It would have been obvious to a person of ordinary skill in the art at the time before the effective filing data of the claimed invention to modified Ford et al. as modified by Fu et al. and Astarabadi et al. to include wherein selectively hiding or rendering one or more parts of the one or more makeup effects based on the occlusion comprises representing an occluding object with occlusion mask information at a pixel level according to the occlusion as detected to render the one or more makeup effects in portions of the user's face that are not occluded and hide or not render the one or more makeup effects in portions of the user's face that are occluded as taught by Wu et al. to enhance beauty of the image with a virtual special effect.

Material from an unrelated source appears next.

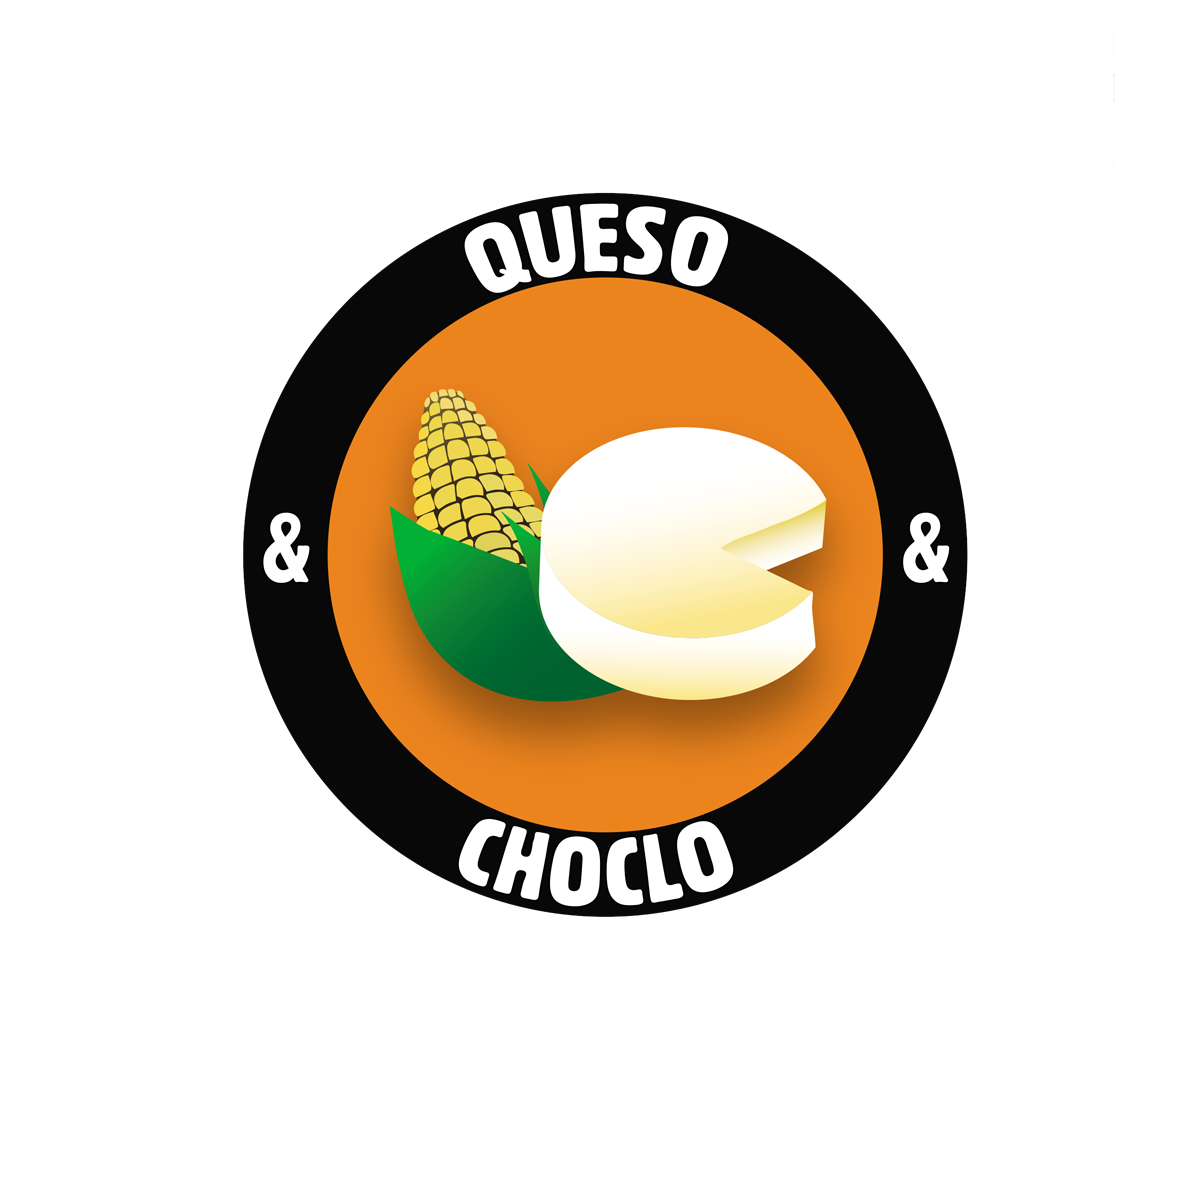 Delivery Queso and Choclo

Claim(s) 10 is/are rejected under 35 U.S.C. 103 as being unpatentable over U.S. Patent 9538130 to Ford et al. in view of U.S. PGPubs 2022/0386759 to Fu et al., further in view of U.S. PGPubs 2021/0144338 to Astarabadi et al., further in view of U.S. PGpubs 2021/0165998 to Cao et al..
Regarding claim 10, Ford et al. as modified by Fu et al. and Astarabadi et al. teach all the limitation of claim 1, but keep silent for teaching further comprising stabilizing object landmarks for the second frame in accordance with a prediction of the location of the object landmarks for the second frame using an optical flow function.

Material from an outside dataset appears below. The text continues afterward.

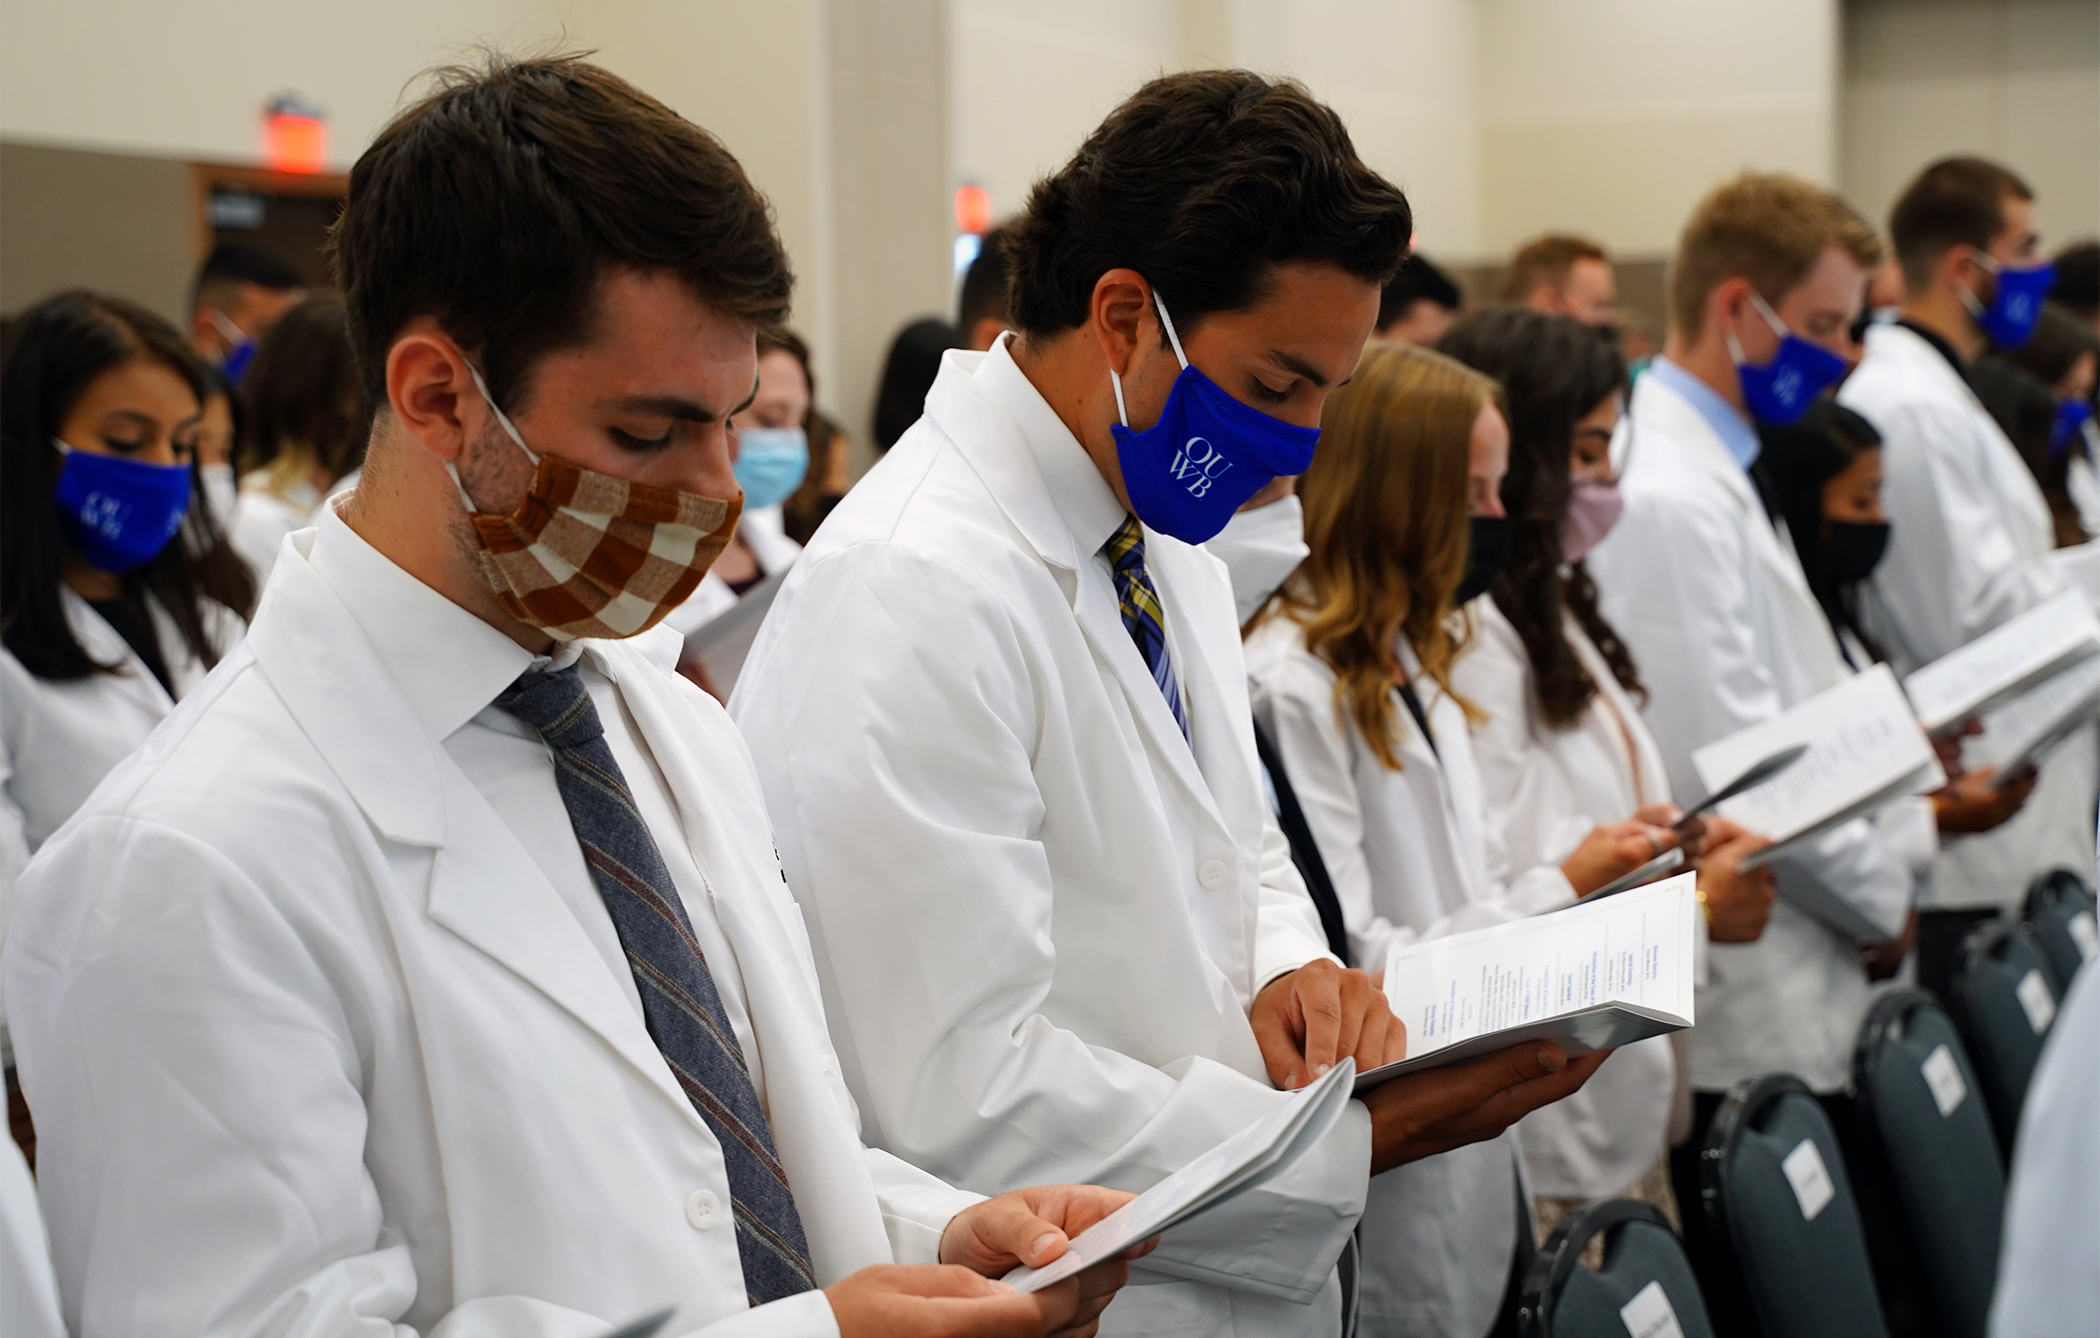 White Coat Ceremony launches medical school journey for OUWB Class of 2025

In related endeavor, Cao et al. teach further comprising stabilizing object landmarks for the second frame in accordance with a prediction of the location of the object landmarks for the second frame using an optical flow function (par 0024-0027, “Embodiments of the present disclosure describe systems and methods for improving model expressiveness and rigid stability for real-time monocular object tracking using region-based models. This approach may incorporate dense motion-guided correctives from fast optical flow to improve tracking fidelity and reduce residual expression-fitting errors while improving rigid stability in a joint optimization framework for rigid object pose and expression parameters”, par 0063-0065, “the detected landmarks are too sparse to recover the complete motion of the face, especially in regions where landmarks are absent (e.g., the cheek regions). In such circumstances, besides landmark locations, other denser motion cues may be leveraged to extract true local motion and to correct landmark detection errors. In on example, a fast optical flow estimation method is employed on the input video stream inside the face region on-the-fly to extract dense motion flow and then map this motion flow to each face vertex projection in the screen space through bilinear interpolation, annotated by U.sub.i. Given rigid pose T′ and expression coefficients B′ from a previous frame, the L.sub.2 norm of the flow residuals, e.sub.flow.sup.k between the current projections of each face vertex I and the flow-predicted locations P.sup.k(T′, B′.sup.k).sub.i+U.sub.i, should be minimized ….. The dynamic rigidity weights w.sup.k with current dense motion flow U may be used to enforce stronger stabilization to still frames while relaxing restrictions on fast moving frames”).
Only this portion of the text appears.